However, printing devices equipped with multiple print heads have a problem in that in the event of malfunction of some of the print heads or of a constituent element thereof such as the drive control circuit, it can be very difficult to fix the malfunction. Another problem with multiple print heads is how to transmit signals among the drive circuits of the several print heads.
An object of the present invention is to provide a technique for use in a printing device whose carriage has plurality of print heads mounted thereon, whereby malfunction of constituent elements associated with print heads can be easily resolved.
In order to attain at least part the above and other related objects of the present invention, there is provided a printing device for effecting printing by ejecting ink from print head. The printing device comprises a plurality of head unit mountable positions on which a plurality of head units are mountable. Each head unit includes a predetermined number of print heads equal to one or greater, and a plurality of drive controllers for driving the predetermined number of print heads. Each head unit is individually installed and uninstalled on the printing device.
In one embodiment, a plurality of mountable positions for data processors each transferring data to a corresponding one of the drive controllers are also prepared in the printing device. Each data processor and each corresponding drive controller are interconnected by a flexible cable that includes a clock signal line for transmitting a clock signal, a flag signal line for transmitting a flag signal, and a serial data line for transferring serial data.
The present invention may be reduced to practice in various embodiments, such as, for example, a printing method and printing device; a print control method and print control device; a computer program for realizing any of the aforementioned methods and devices; a recording medium having recorded thereon such a computer program; and a data signal embodied in a carrier wave, including such a computer program.

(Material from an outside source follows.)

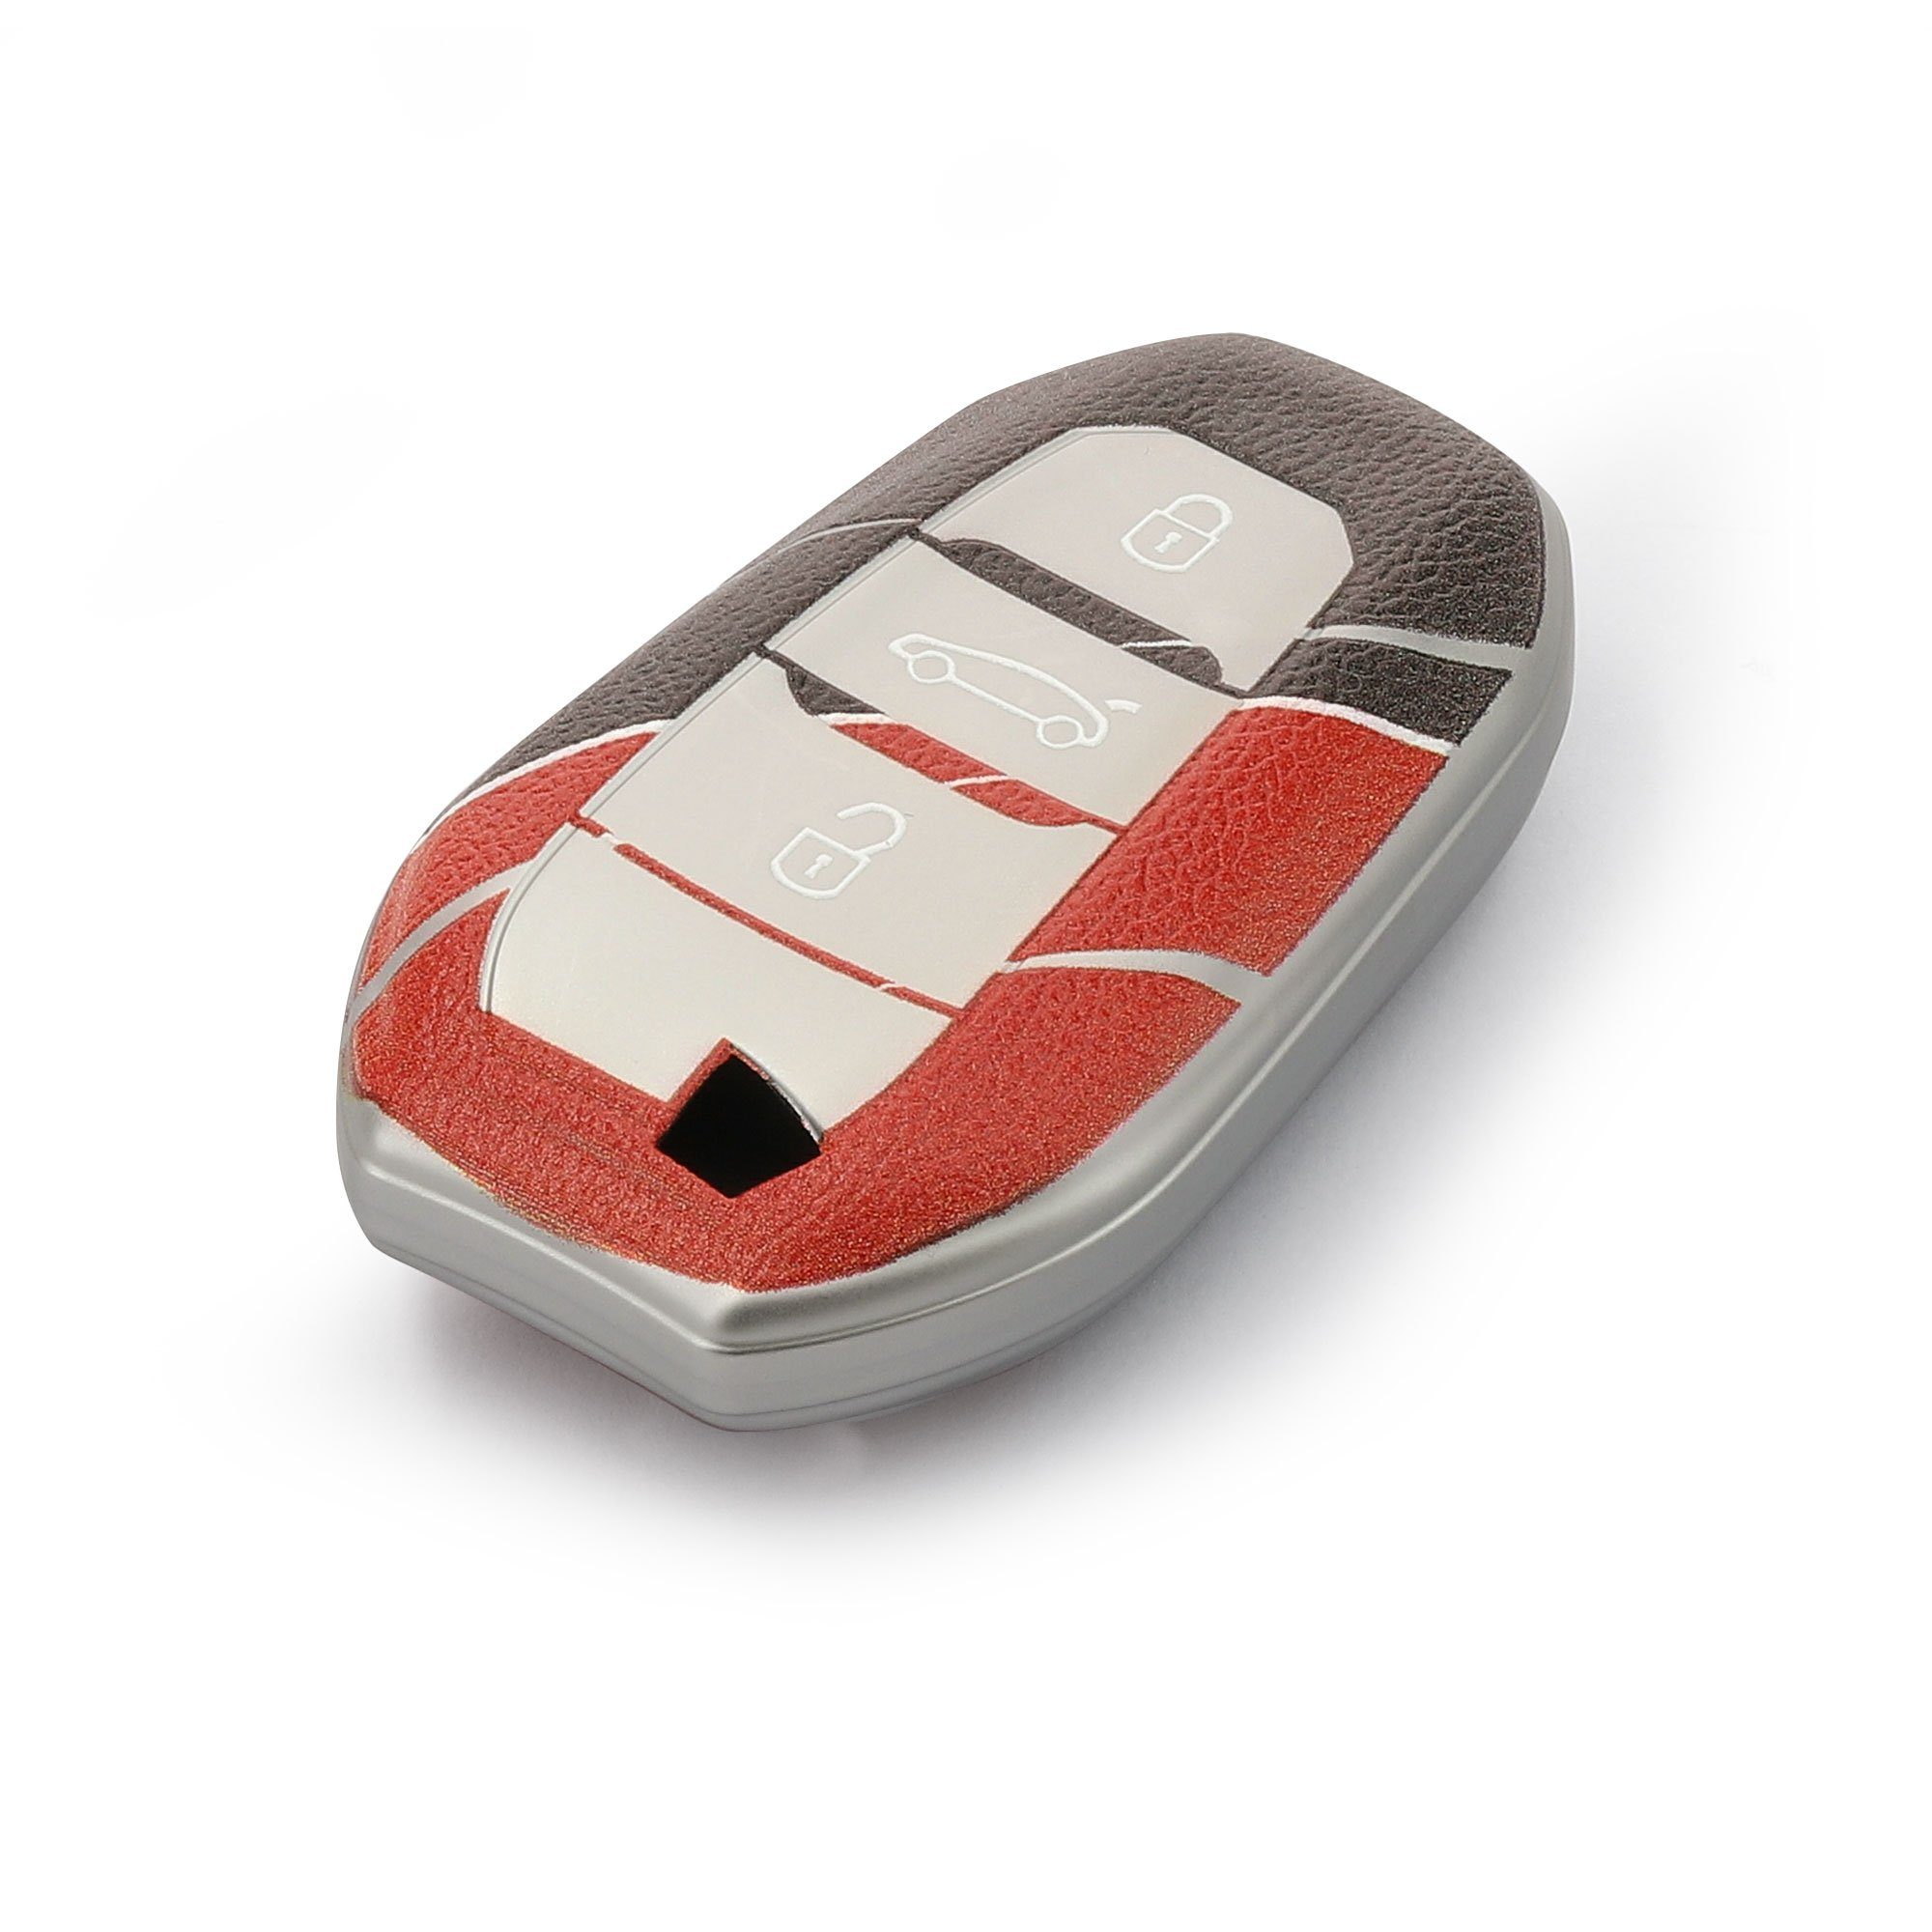 Grau Autoschlüssel für kwmobile Citroen, Schlüsselhülle TPU Peugeot Hülle Schlüsseltasche Schutzhülle Cover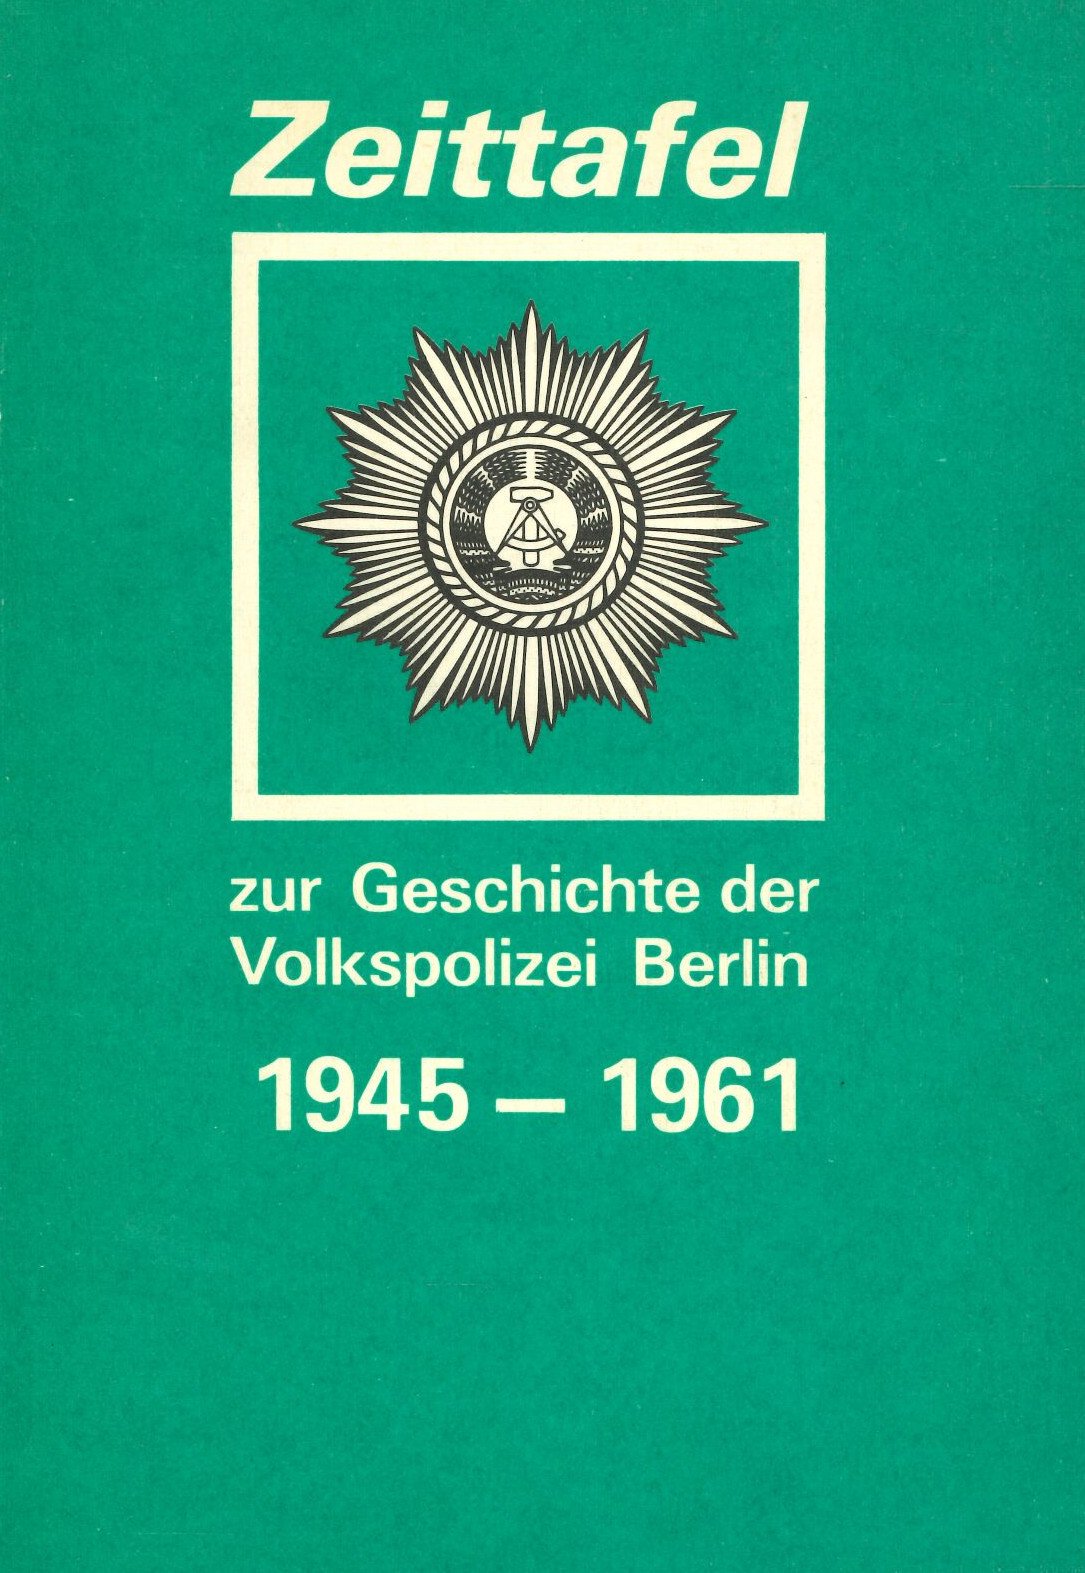 Zeittafel zur Geschichte der Volkspolizei Berlin 1945-1961 (Feuerwehrmuseum Grethen CC BY-NC-SA)

These and other objects, features, aspects, and advantages of the present invention will become more apparent from the following detailed description of the preferred embodiments with the accompanying drawings.
Embodiments of the present invention shall be described hereinbelow through examples given in the following order.
A. Overall Arrangement of the Device:
Paper feed section 210 comprises a roll paper holder 211 in which a roll of printer paper P can be installed. Roll paper holder 211 comprises a spindle 212 for holding the roll of paper, and a first spindle bearing 213 and second spindle bearing 214 across which spindle 212 can be detachably installed. The two spindle bearings 213, 214 are disposed on two support posts 215 provided in the upper portion of printer 200. Once a roll of paper has been installed in the center of spindle 212, it is installed with its two ends mounted in first spindle bearing 213 and second spindle bearing 214.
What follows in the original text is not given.